→ Information shown:

━━━━━━━━━━━━━━━━━━━━

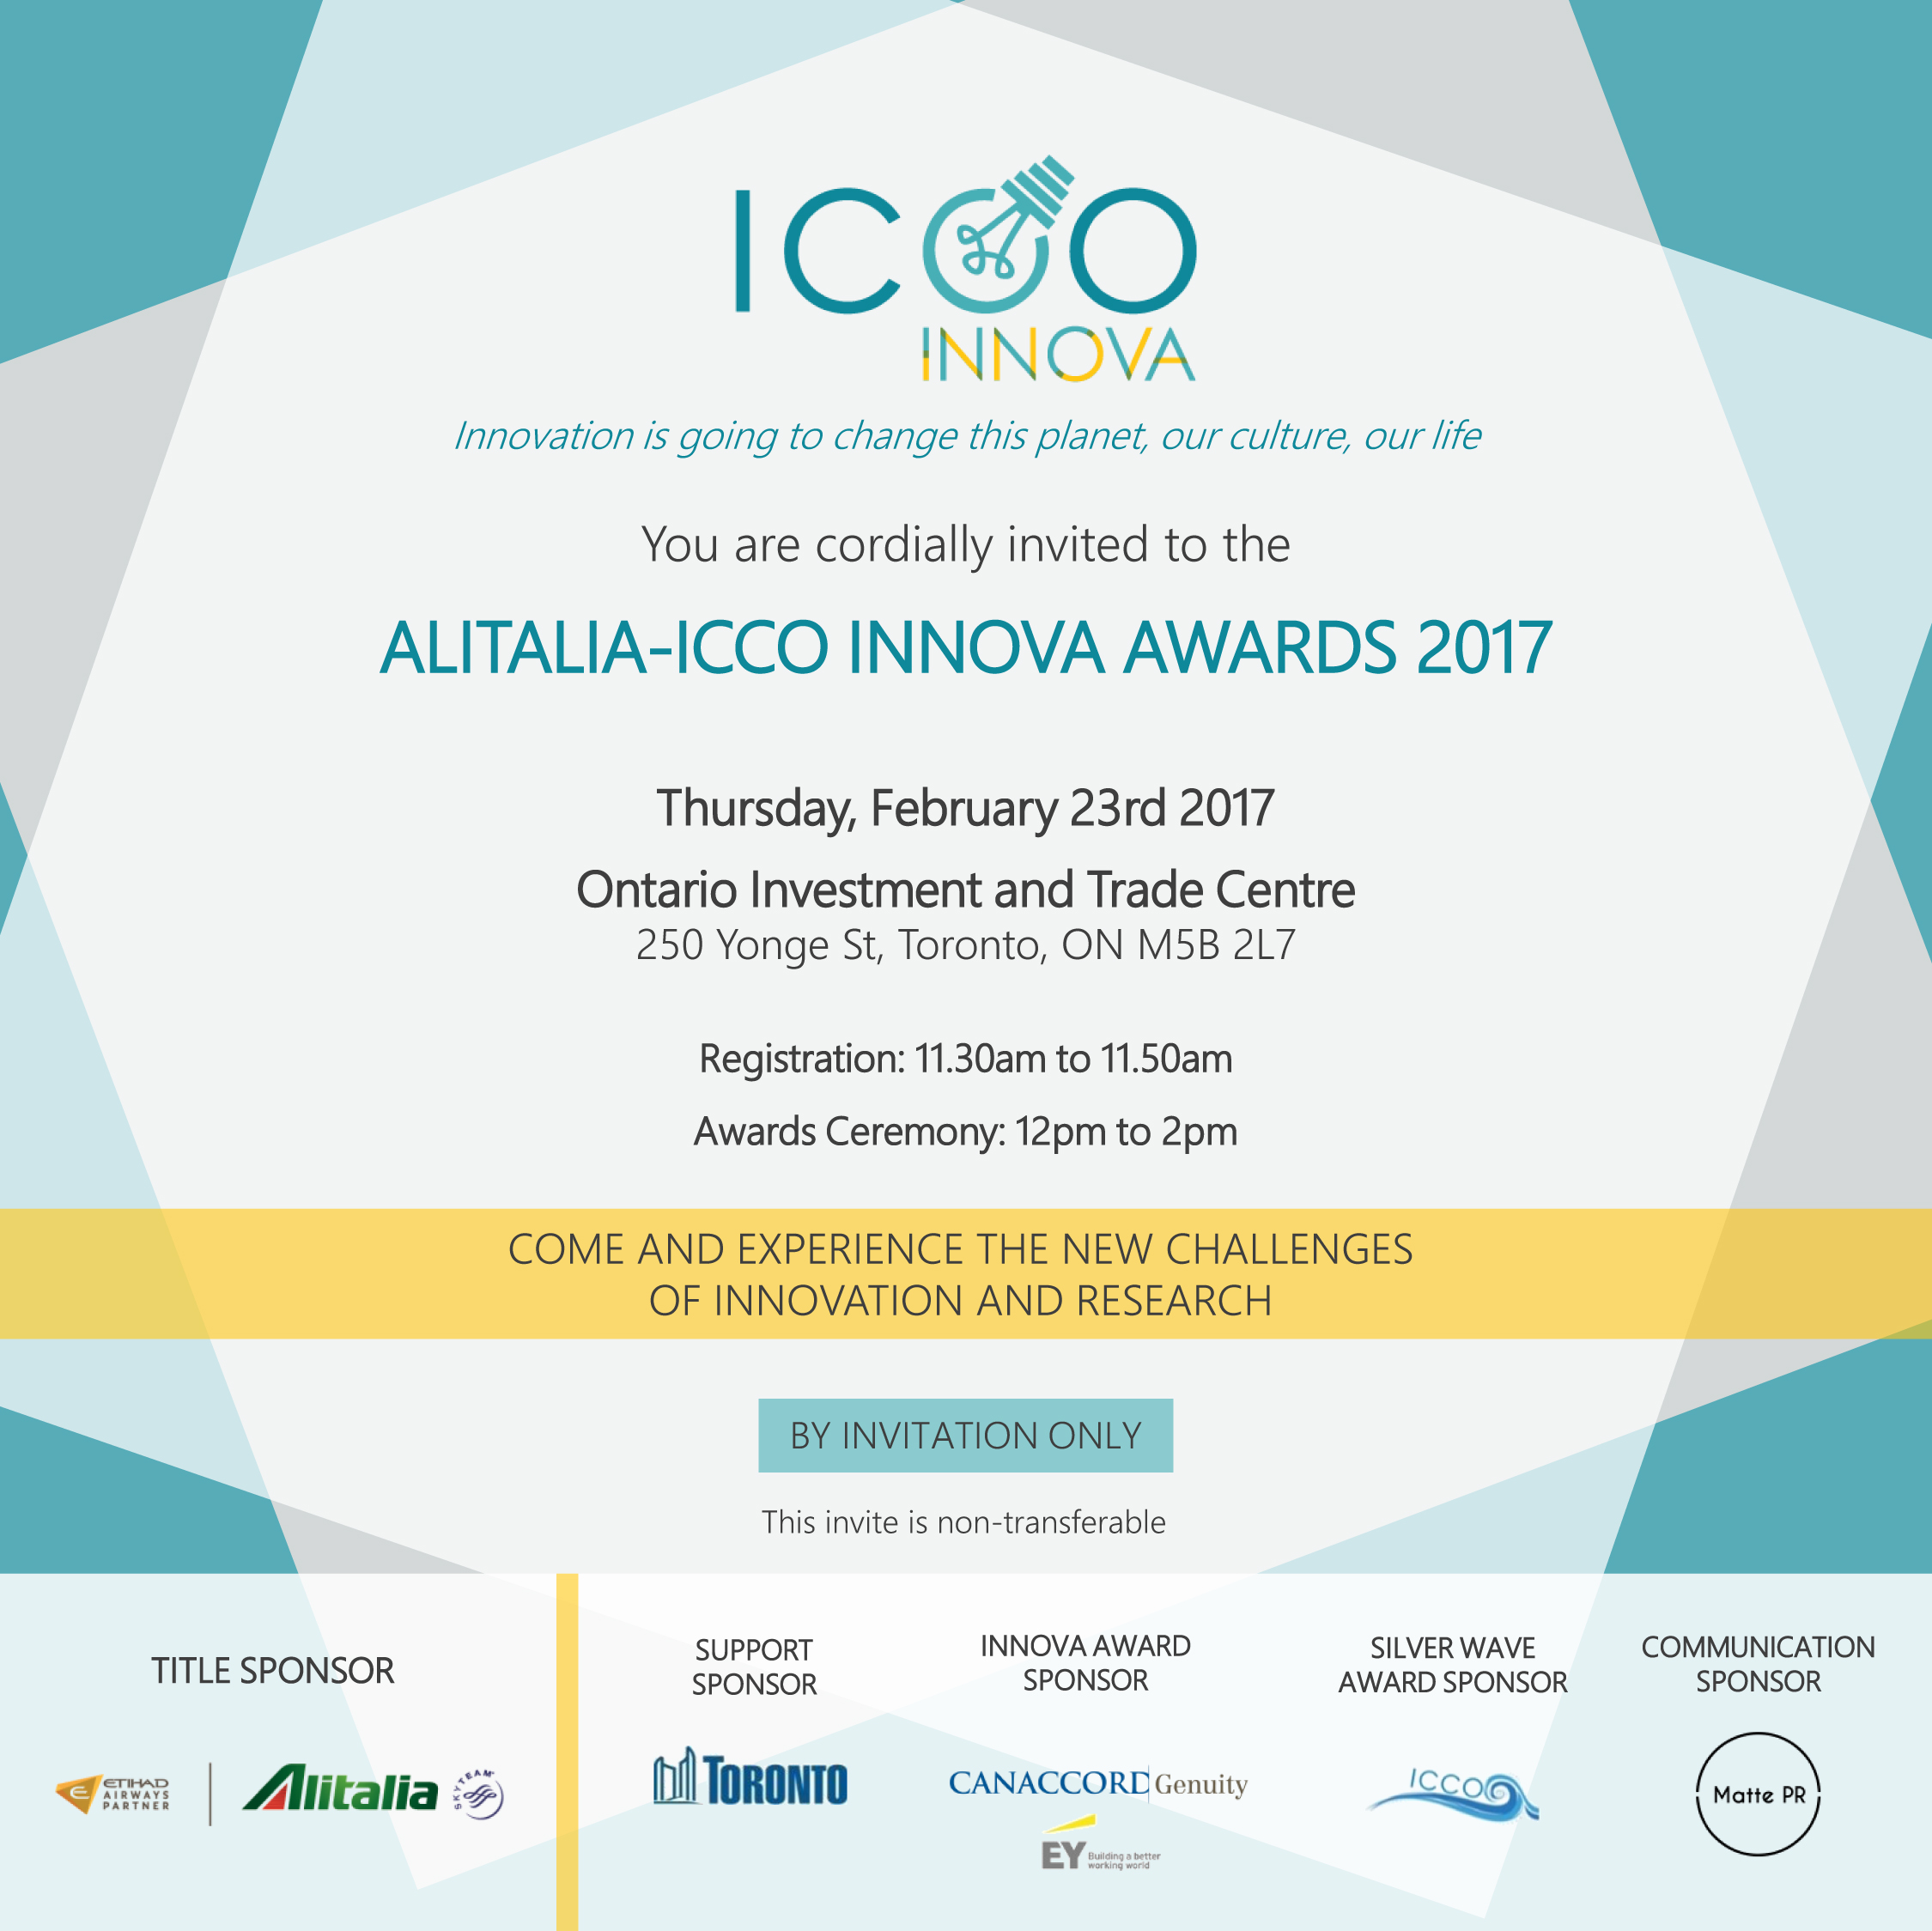 Alitalia ICCO Innova Awards 2017
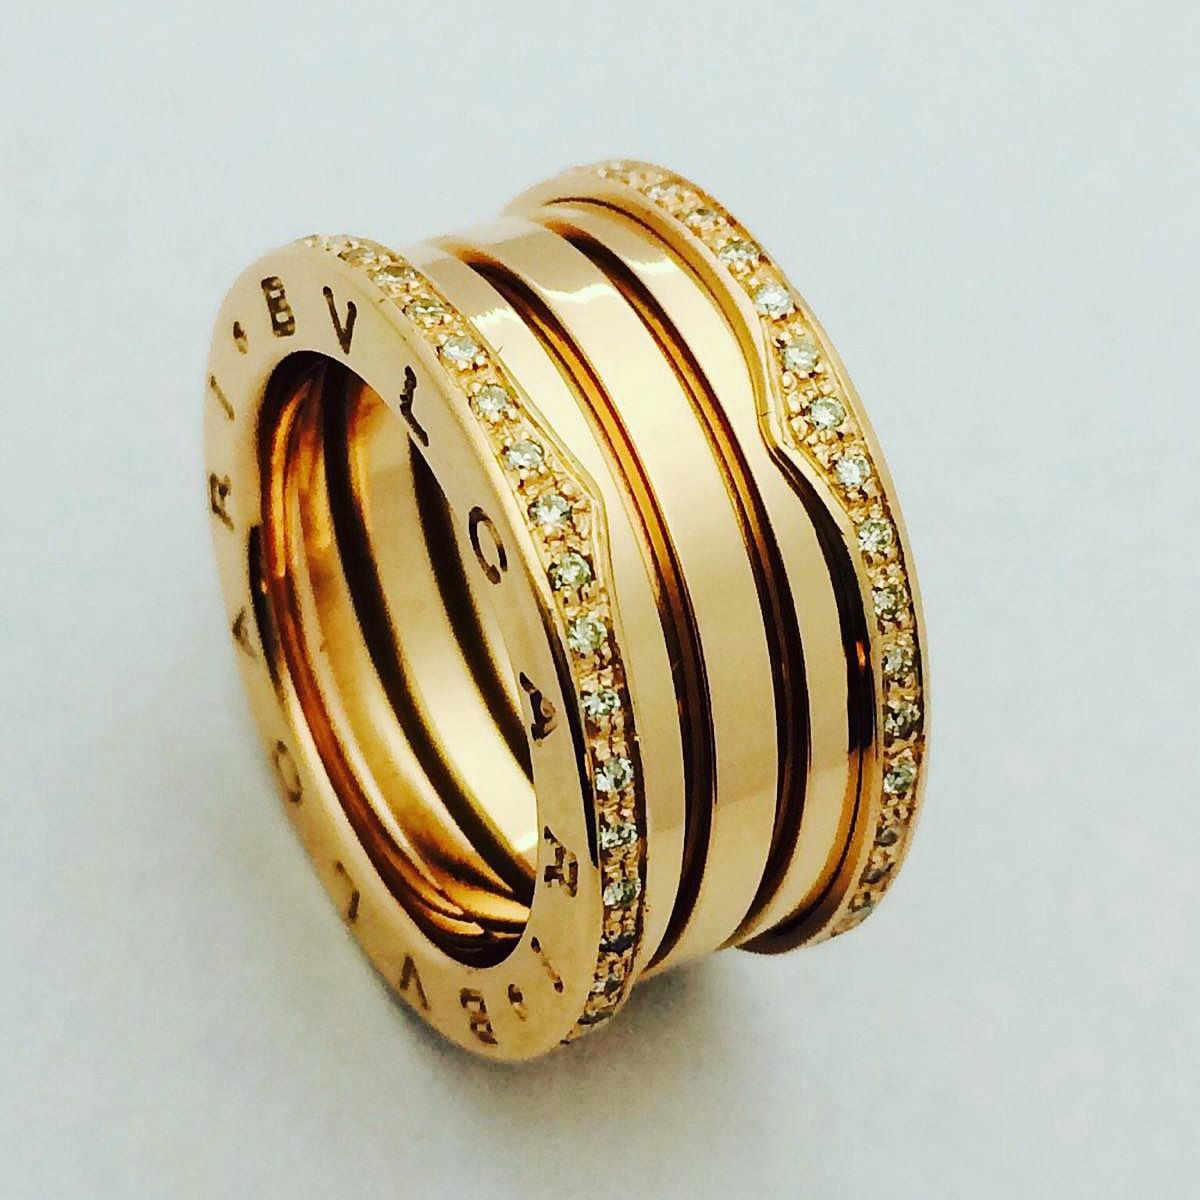 f9a2ea52717 par aliança   anel bvlgari b-zero ouro 18k brilhantes. Carregando zoom.
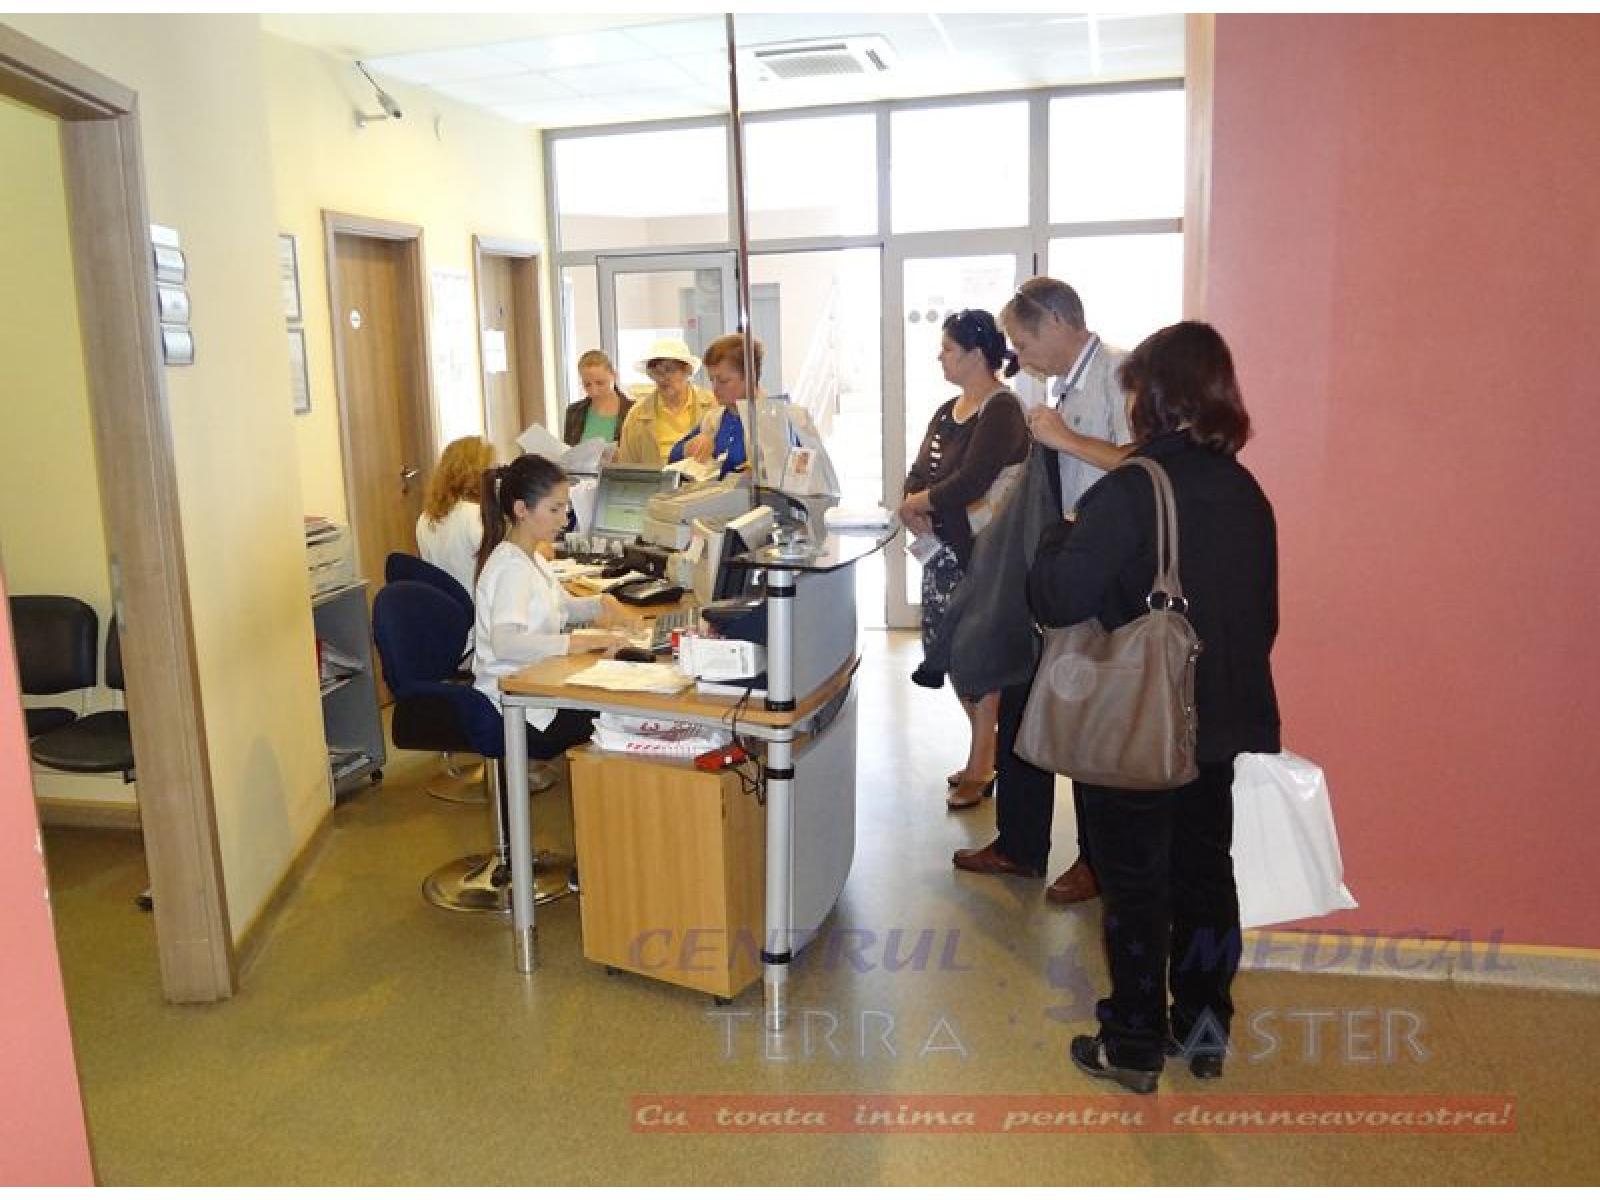 Centrul Medical TERRA ASTER - DSC03314.JPG

━━━━━━━━━━━━━━━━━━━━

→ Work item:
Please restate, word for word, the lines from the one with "f9a2ea52717 par aliança" through the final line of the material, both included, and omit the pictures.

→ Response to the task:
 f9a2ea52717 par aliança   anel bvlgari b-zero ouro 18k brilhantes. Carregando zoom.
 Centrul Medical TERRA ASTER - DSC03314.JPG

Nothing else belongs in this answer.